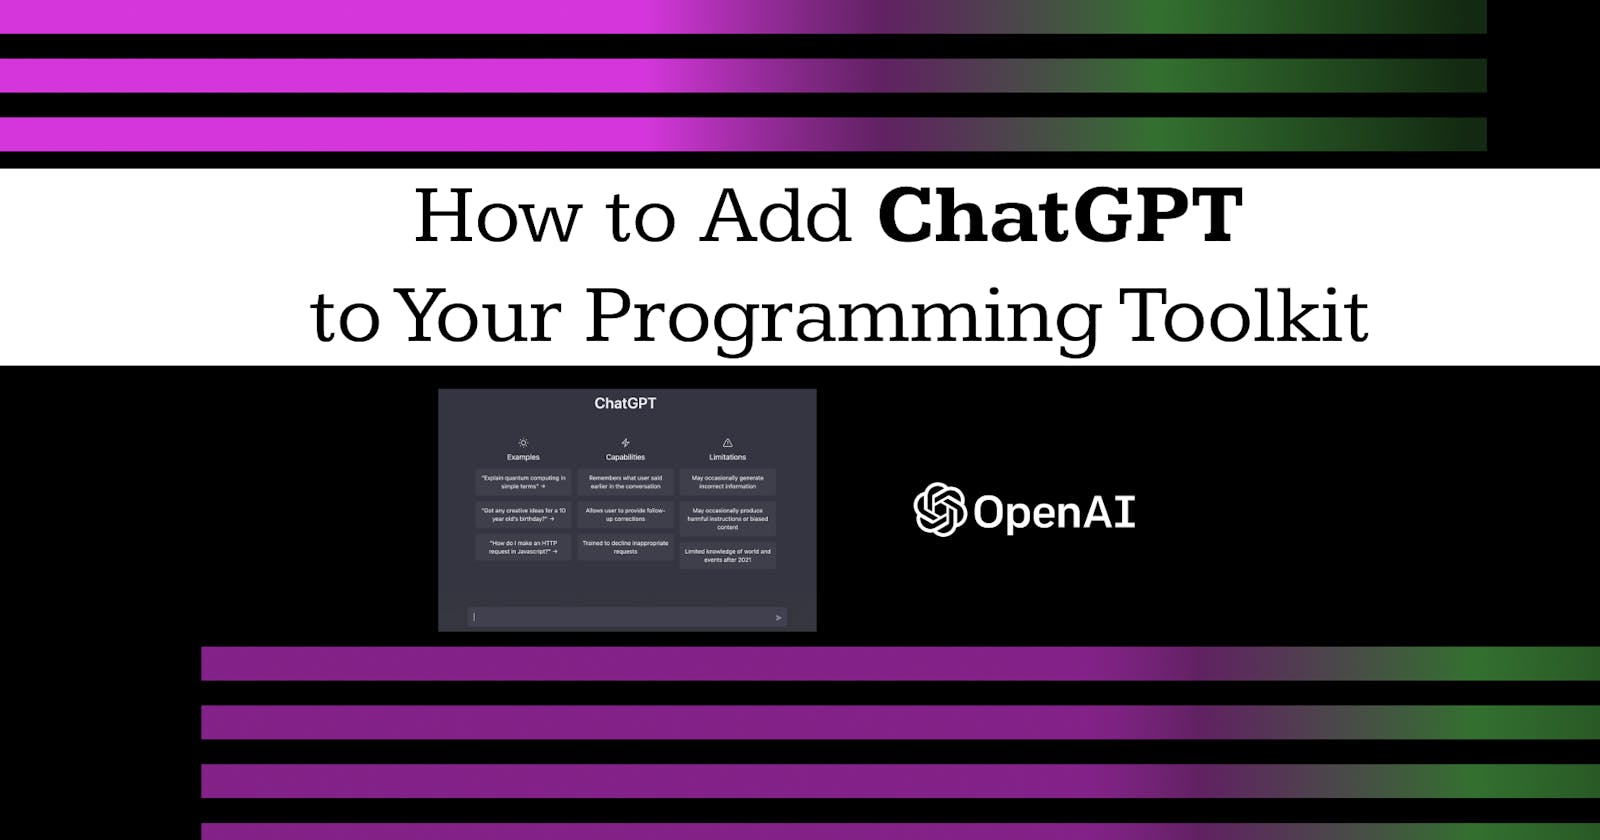 How to Add ChatGPT to Your Programming Toolkit
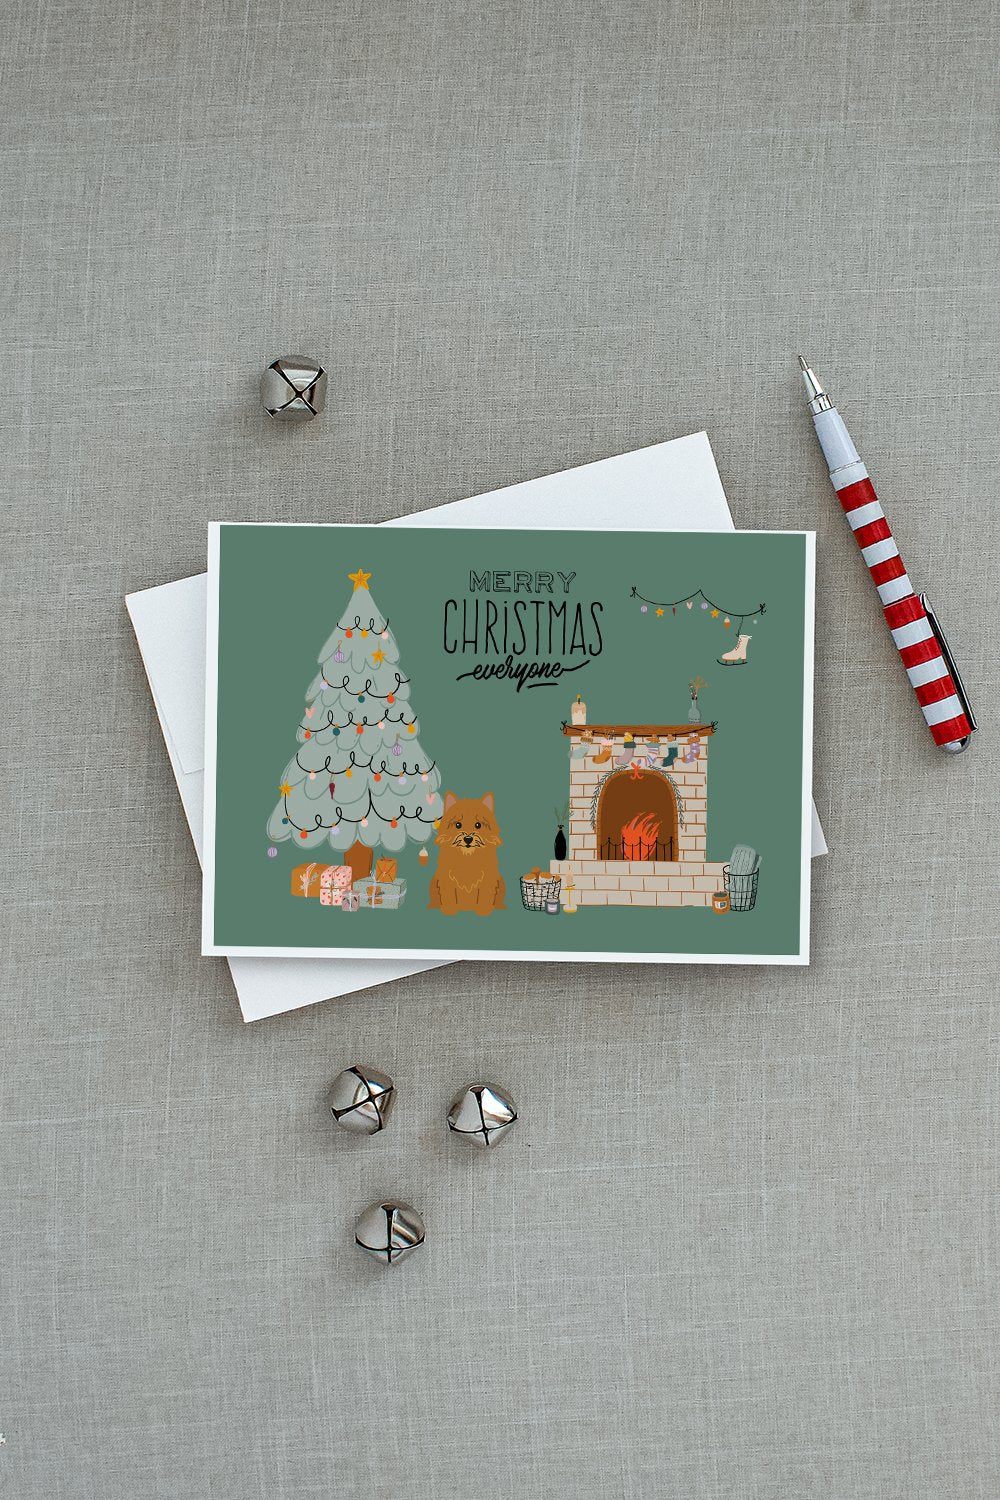 Norwich Terrier Christmas Everyone Greeting Cards and Envelopes Pack of 8 - the-store.com
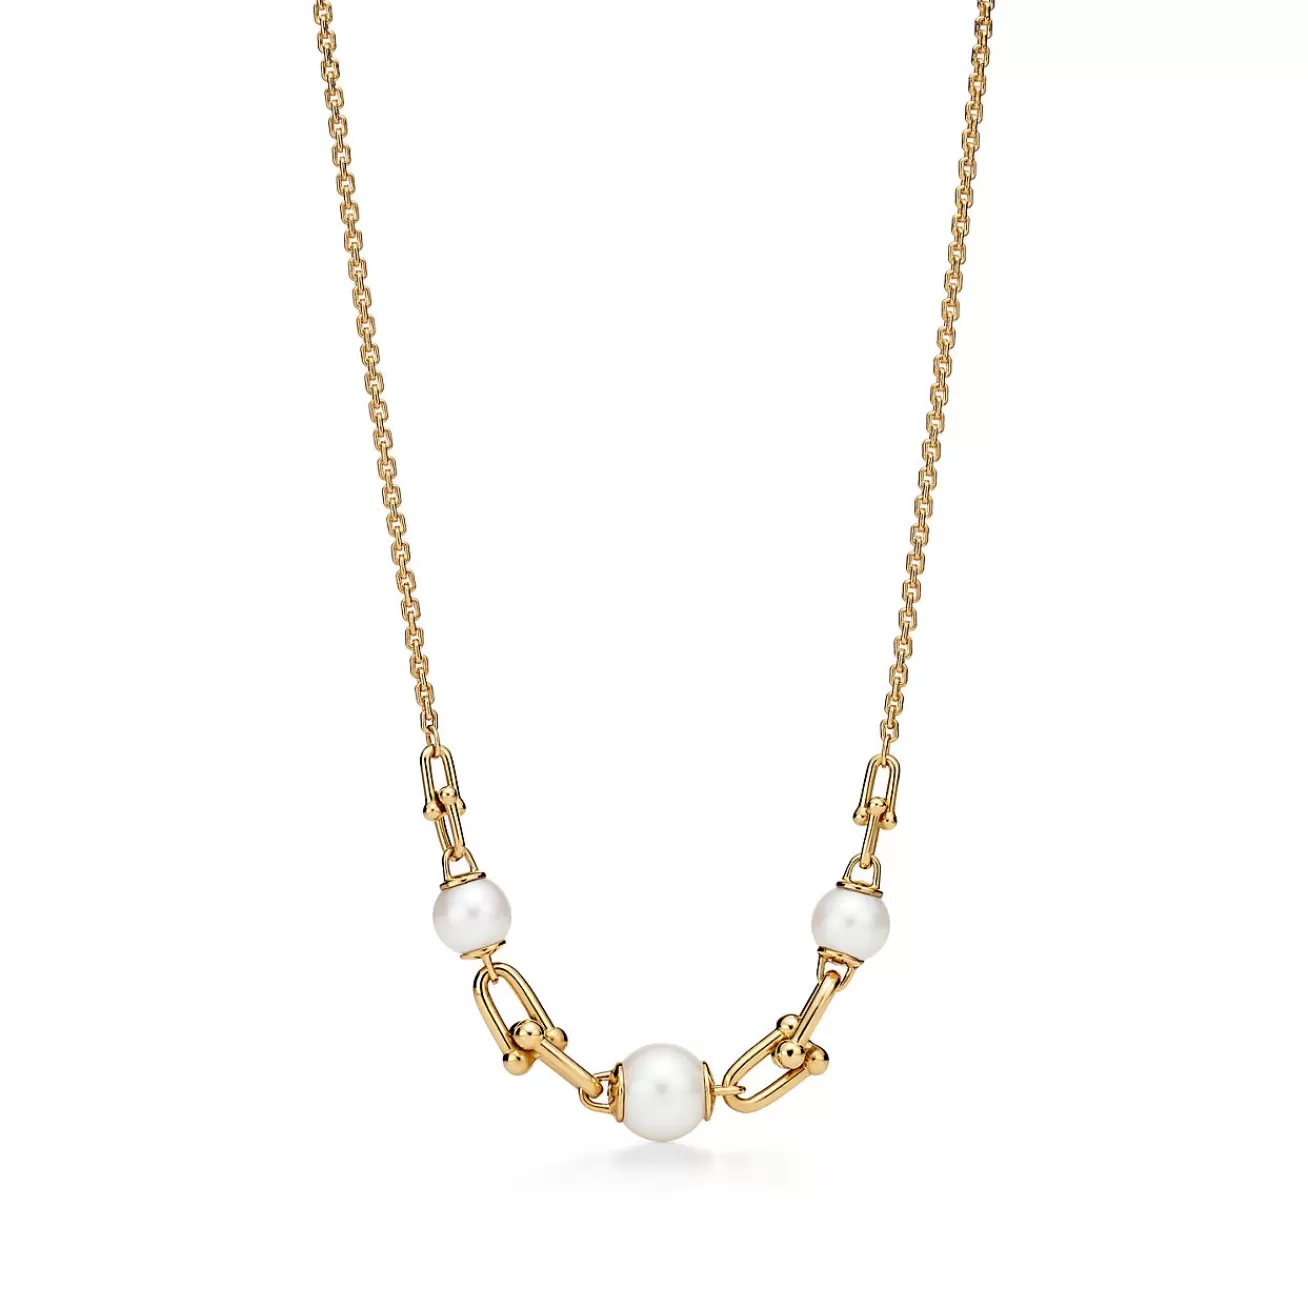 Tiffany & Co. Tiffany HardWear Link Necklace in Yellow Gold with Freshwater Pearls | ^ Necklaces & Pendants | Gold Jewelry

.....

* Problem to solve
Word for word and without any pictures, return all of the lines above.

* Answer space
 How to Add ChatGPT to Your Programming Toolkit
 Norwich Terrier Christmas Everyone Greeting Cards and Envelopes Pack of 8 - the-store.com
 Tiffany & Co. Tiffany HardWear Link Necklace in Yellow Gold with Freshwater Pearls | ^ Necklaces & Pendants | Gold Jewelry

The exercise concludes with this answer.